Gashirabake made the ruling in the presence of a lawyer representing Aya, Gibson Munanura. Also in court were the lawyers representing the respondents Timothy Lugayizi, Hussein Gulamu, Emmanuel Ankunda, and Nzuza Nzuza, senior legal advisor to the South African Company.

Background

Court documents indicate that between 2007 and 2017, Aya and IDC entered into various financial credit agreements to finance the construction of a hotel known as the Pearl of Africa Hotel (now Win 5 Hotels and Spa).

The hotel is located on land comprised of Plots 7A1-9A1 and 10 Lugard Road and M32, Hill Road situated at Nakasero Hill, in Kampala.

According to court documents, the total sum lent on various dates under the six financial credit agreements was $81,765,318 (about shillings 305 billion). However, the loan stood at $118,817,012 (about shillings 444 billion) in accumulated interest, as of September 13, 2017.

The parties also executed various security agreements that were collateral to the financial credit agreements during that period.
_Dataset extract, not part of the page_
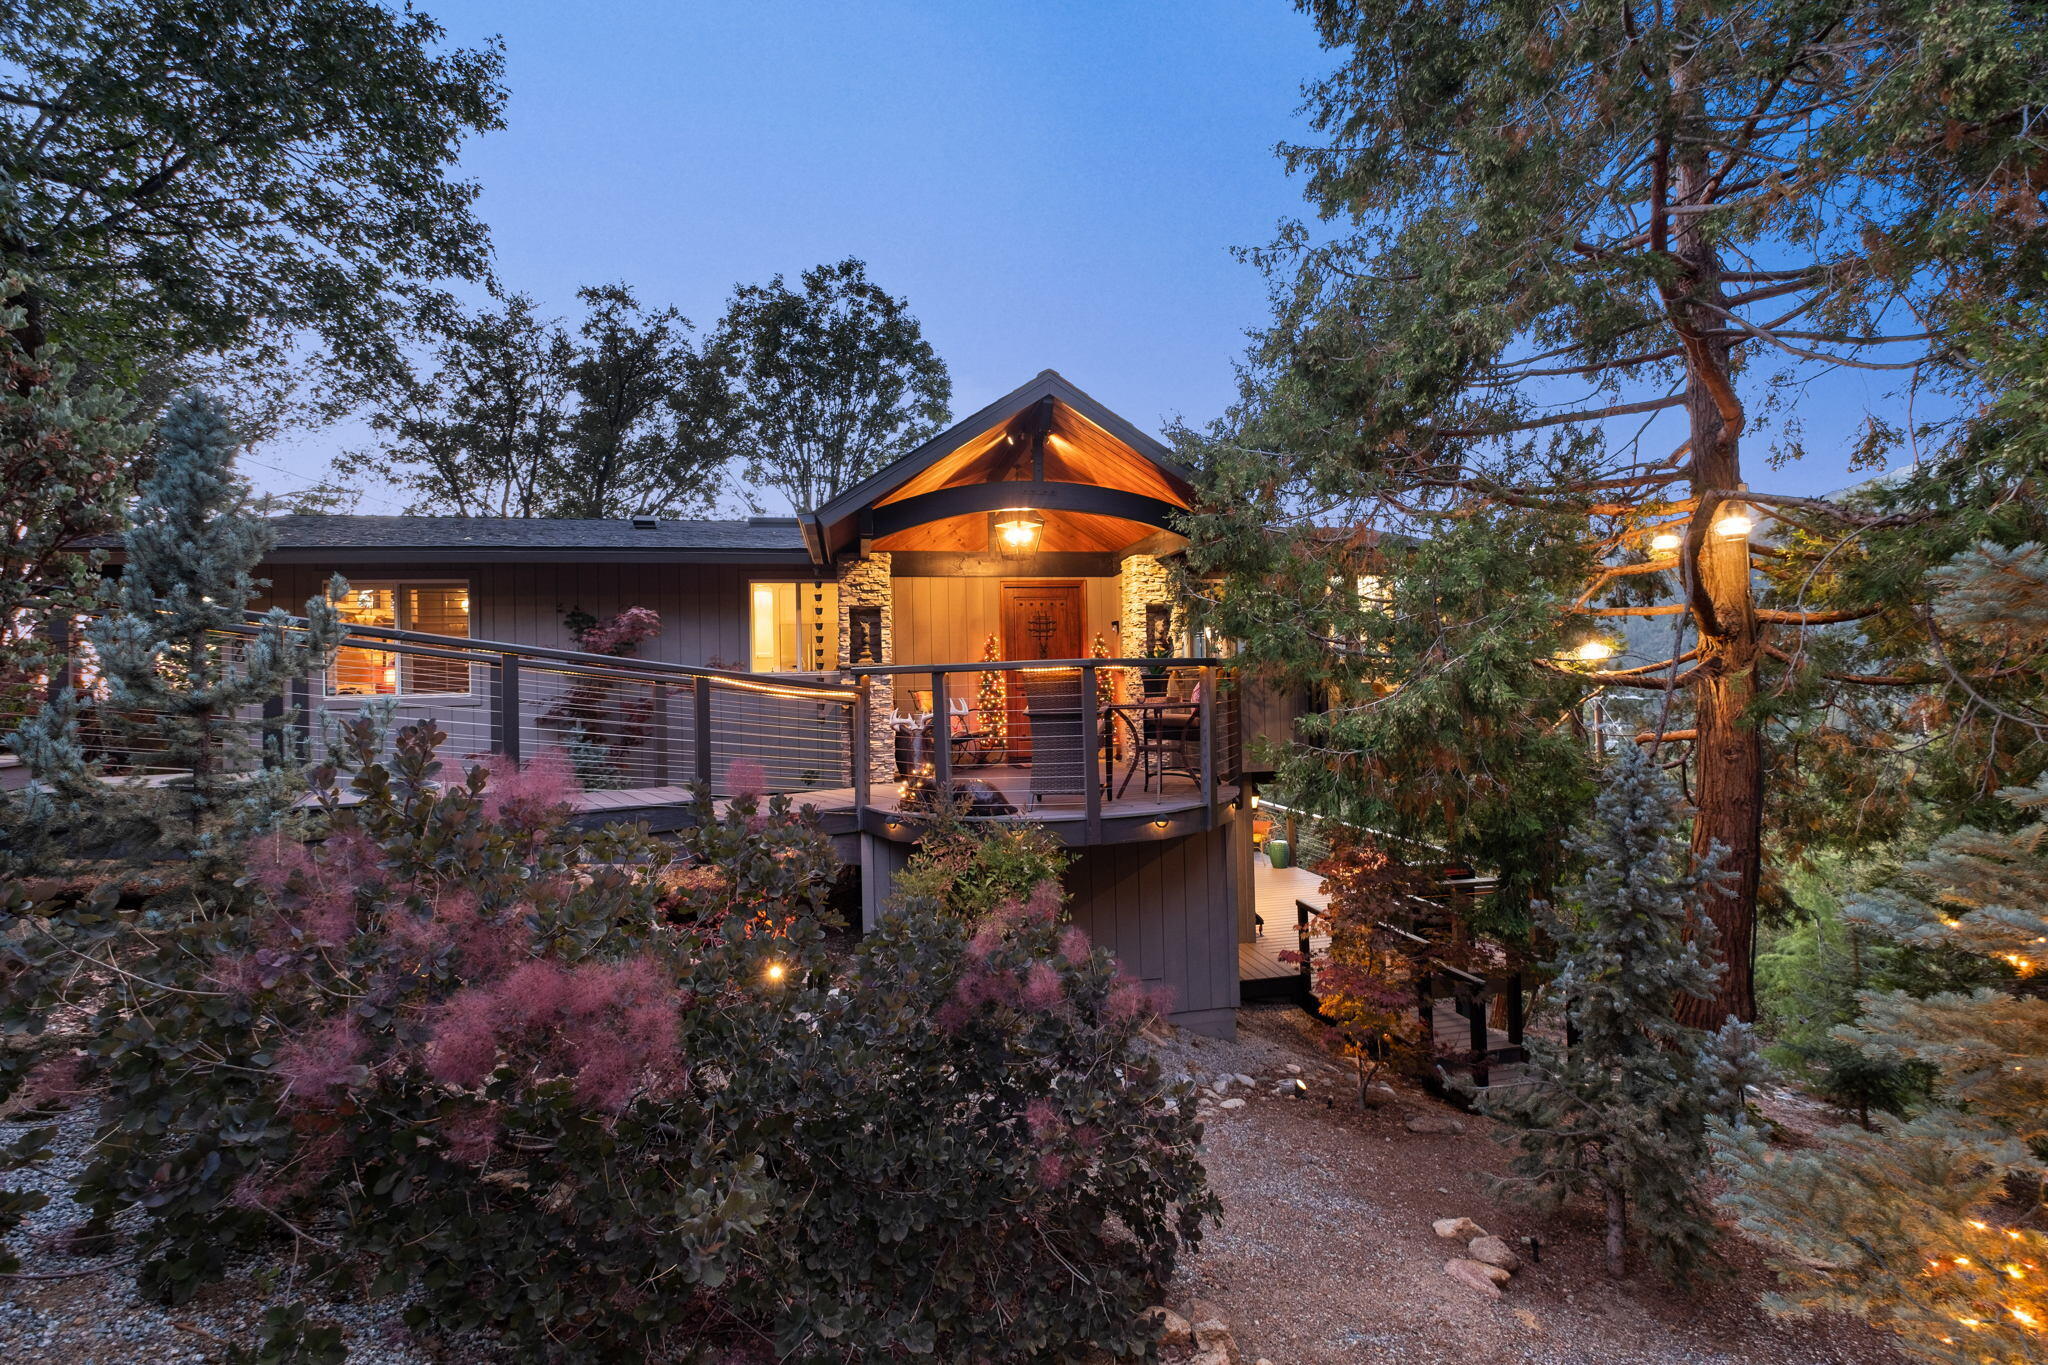 Fully remodeled and upgraded, this stunning Mid-Century Modern masterpiece retains its 1962 heritage while seamlessly incorporating today's preferred amenities. Built into the mountainside on a quiet cul-de-sac in Idyllwild, the home is poised to enjoy 180-degree views that span lush forests, Lily Rock and majestic mountains that soar as high as 10,000 feet. Surrounded by natural boulders, Japanese maples and blue spruce trees, the two-level showplace is embraced by 5 decks that encompass about 1,383 s.f. of outdoor living space and is protected by owner-owned vacant lot. Vaulted and beamed knotty pine ceilings and floor-to-ceiling windows emphasize the home's coveted Mid-Century style, while high-end wood-style laminate flooring, custom lighting fixtures, custom millwork, plantation shutters and lighted art niches are showcased. Approx. 1,762 s.f., the 3-bedroom, 2 full baths and powder room residence features a great room, office or fourth bedroom, solarium nook, a lower-level ensuite with deck, and a chef-caliber kitchen. Select furnishings available.  House only,  $1,095,000.  Separately, an .18 acre adjacent street front view lot is being offered for $85,000 to protect home's view and privacy.

Hamis Kiggundu of Ham Enterprises

Another case that dominated headlines in 2023 was the one involving Ham Kiggundu and Diamond Trust Bank.

This matter arose in January when Mr Kiggundu and his companies, Ham Enterprises and Kiggs International U Ltd, sued Diamond Trust Bank Uganda and Diamond Trust Bank (Kenya) for alleged breach of contract in the multibillion loan dispute.

He claims between February, 2011 and September 2016, his two companies, sought various loans from the banks for construction, development and completion of commercial properties.

Kiggundu says he provided several properties in Kyadondo, Kawuku, Victoria Cresent II Kyadondo and Makerere Hill Road as security for the loans. He claims that along the way, while repaying the loans, he realised that the banks had not remitted some of the agreed amounts or purported to remitted the monies, and in turn unlawfully deduced the money from his accounts without his consent.

In their defence, the banks deny the breach of contract and only admit that the businessman and his two companies hold accounts with them. The banks also admit that on various dates, the companies took various loans $6.6m Shs1.5b, Shs1b, $4m and $500,000.

In June 2023, the Supreme Court noted that the $11m (about sh41b) credit facility that was extended to Ham Enterprises Ltd, was legal.

But the lawyers of Muwema and Company Advocates as well as Kimara Advocates and Consultants who represented businessman, Hamis Kiggundu have said they will challenge the recent Supreme Court decision in a case against DTB Kenya and Uganda.